In my own experience, Fram has tried to strong-arm landowners such as myself into allowing them to drill on their property without regard to the potential impacts that their extraction might have on our water supply. Despite my protests and explanation that any drilling could divert away water that I needed to grow crops and raise cattle, their landman told me that my concerns didn’t matter, and that they would drill anyway. Fortunately, this did not come to pass, but there is no doubt in my mind that if they hadn’t filed for bankruptcy, they would have tried.

My story is just one example of what is happening across our state, and the real threat that orphaned oil and gas wells pose to us all. According to Colorado Parks and Wildlife, hunting, fishing, and animal watching contribute about $800 million to the economy of western Colorado, and $5.7 billion statewide. Colorado’s agricultural sector creates an additional $47 billion. Protecting these industries from disruptive changes in weather patterns, habitat loss, and soil degradation that orphaned wells contribute to is vital to protecting over 124,000 jobs throughout our state.

But it’s not just jobs on the line; it’s also our tax dollars. Of the approximately 52,000 producing wells in Colorado, about half produce less than 5 barrels of oil or equivalent in [methane] gas per day. Should the operators walk away from their obligations to plug and reclaim them, it will be Colorado taxpayers left to foot the bill for the billions of dollars in cleanup costs they represent.

Fortunately, there are steps we can take right now to prevent the orphaned well crisis we are facing from festering any longer. Presently, the Colorado Oil and Gas Conservation Commission is seeking to craft new financial assurance rules. They need to hear from the public that we expect operators to post a bond for the full cost of plugging and reclamation for each well up front before they are allowed to drill. At the federal level, we must encourage Sens. Hickenlooper and Bennet to push for the latter’s Oil and Gas Bonding Reform and Orphaned Well Remediation Act, which would provide billions of dollars to clean up orphaned wells and modernize bonding rates, to be passed by Congress as soon as possible.

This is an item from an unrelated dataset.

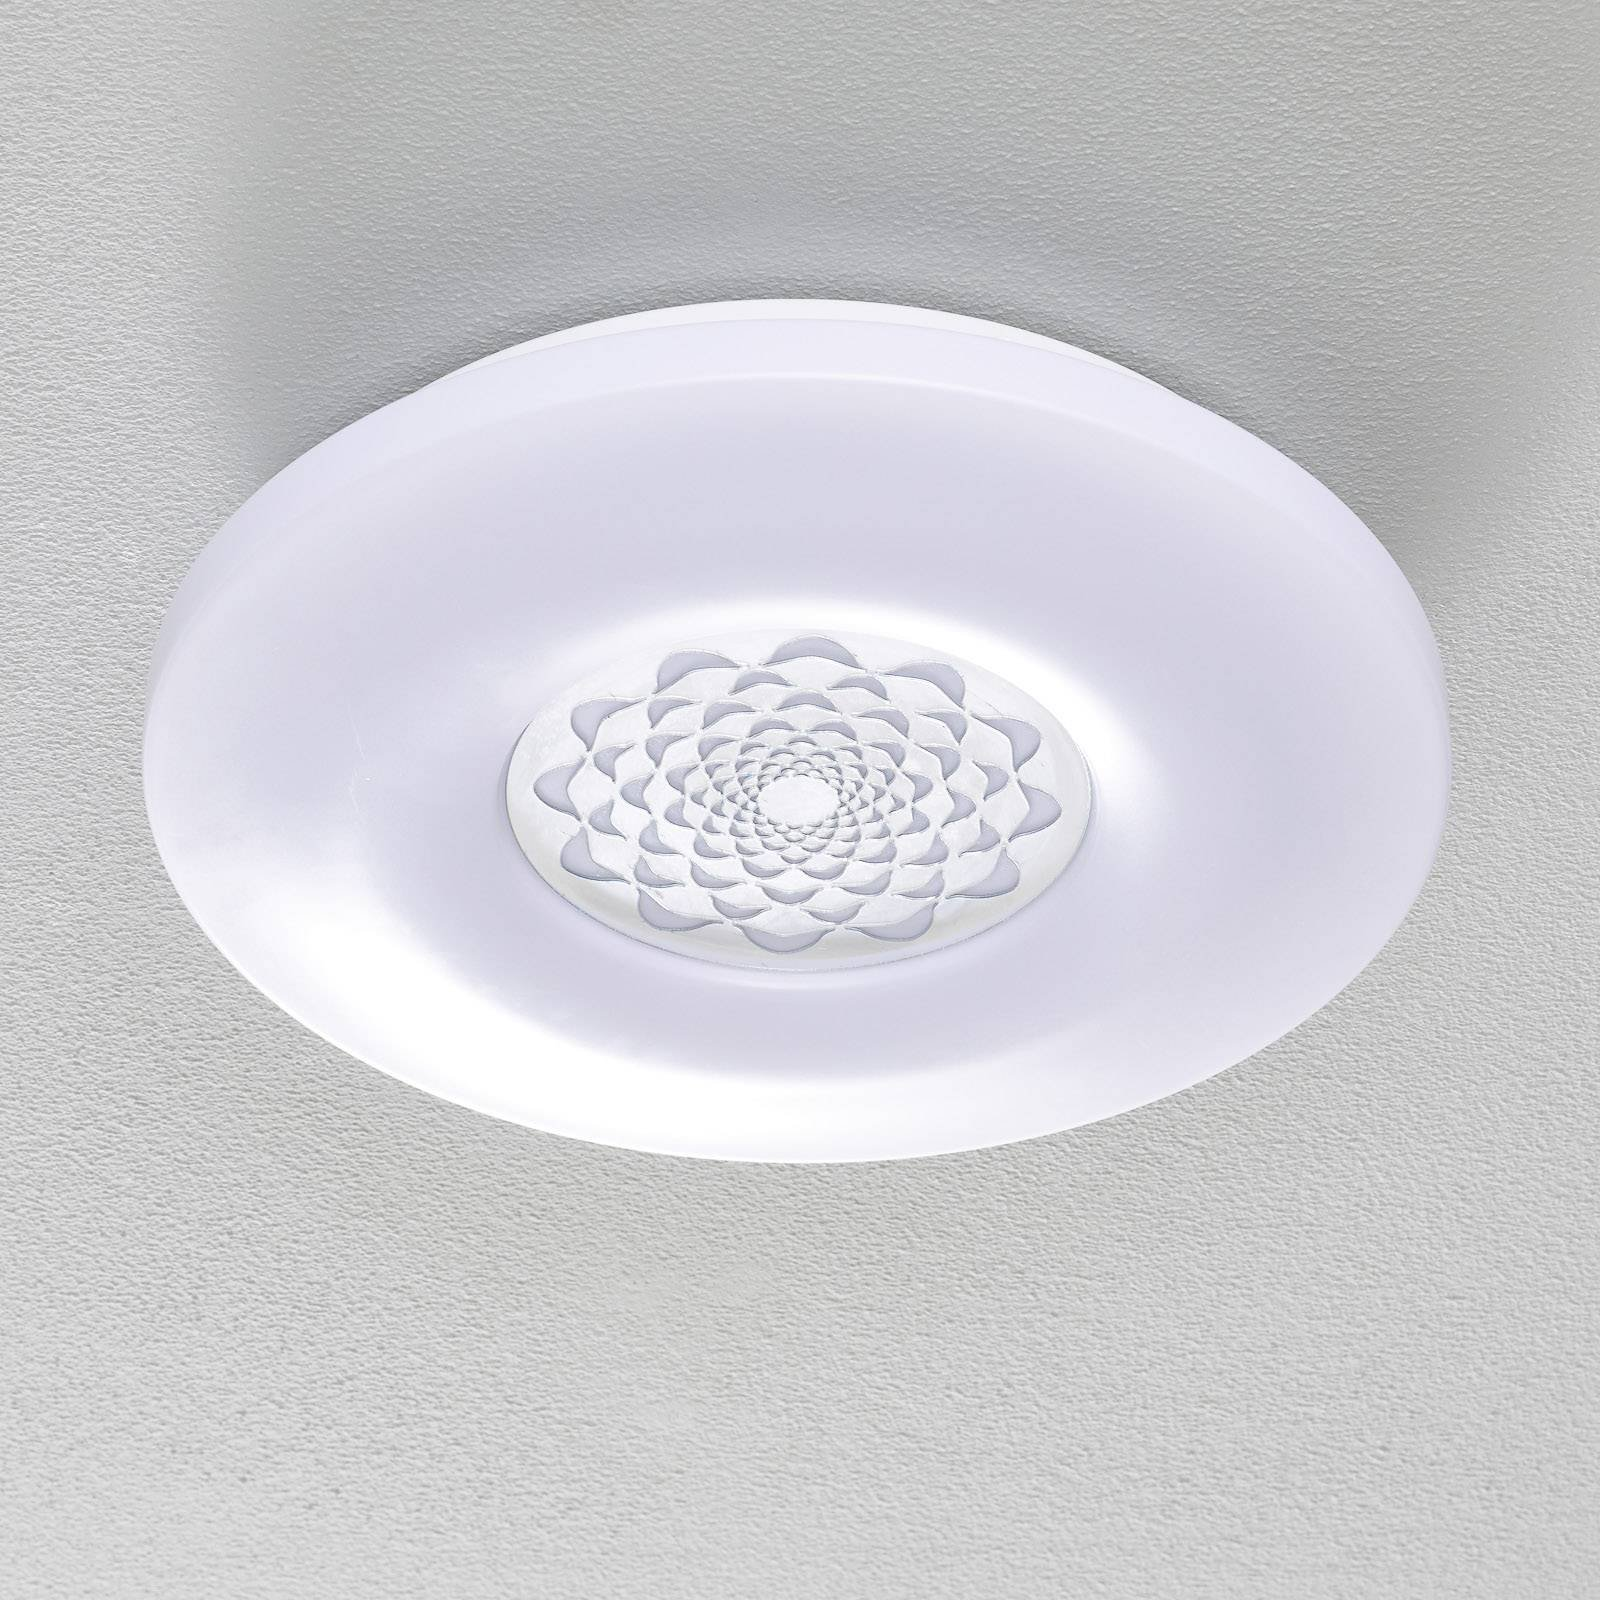 EGLO connect Capasso-C LED-taklampe med motiv

For those of us on the Western Slope working in agriculture, science has produced technological advances that have made our work easier and level of crop production possible. Now, science is telling us that we have to protect our environment, health, and water from orphaned oil and gas wells. By working together, we can confront this threat to our health, economy, and tax dollars, and protect this vibrant, beautiful state for Coloradans now and in the future.

Don Lumbardy is a fourth-generation rancher born in Mesa County, just 20 miles west of the ranch he lives on today. Don has been ranching in western Colorado for nearly 50 years, and works to help the public understand the importance of food, water, and protecting the environment that sustains them.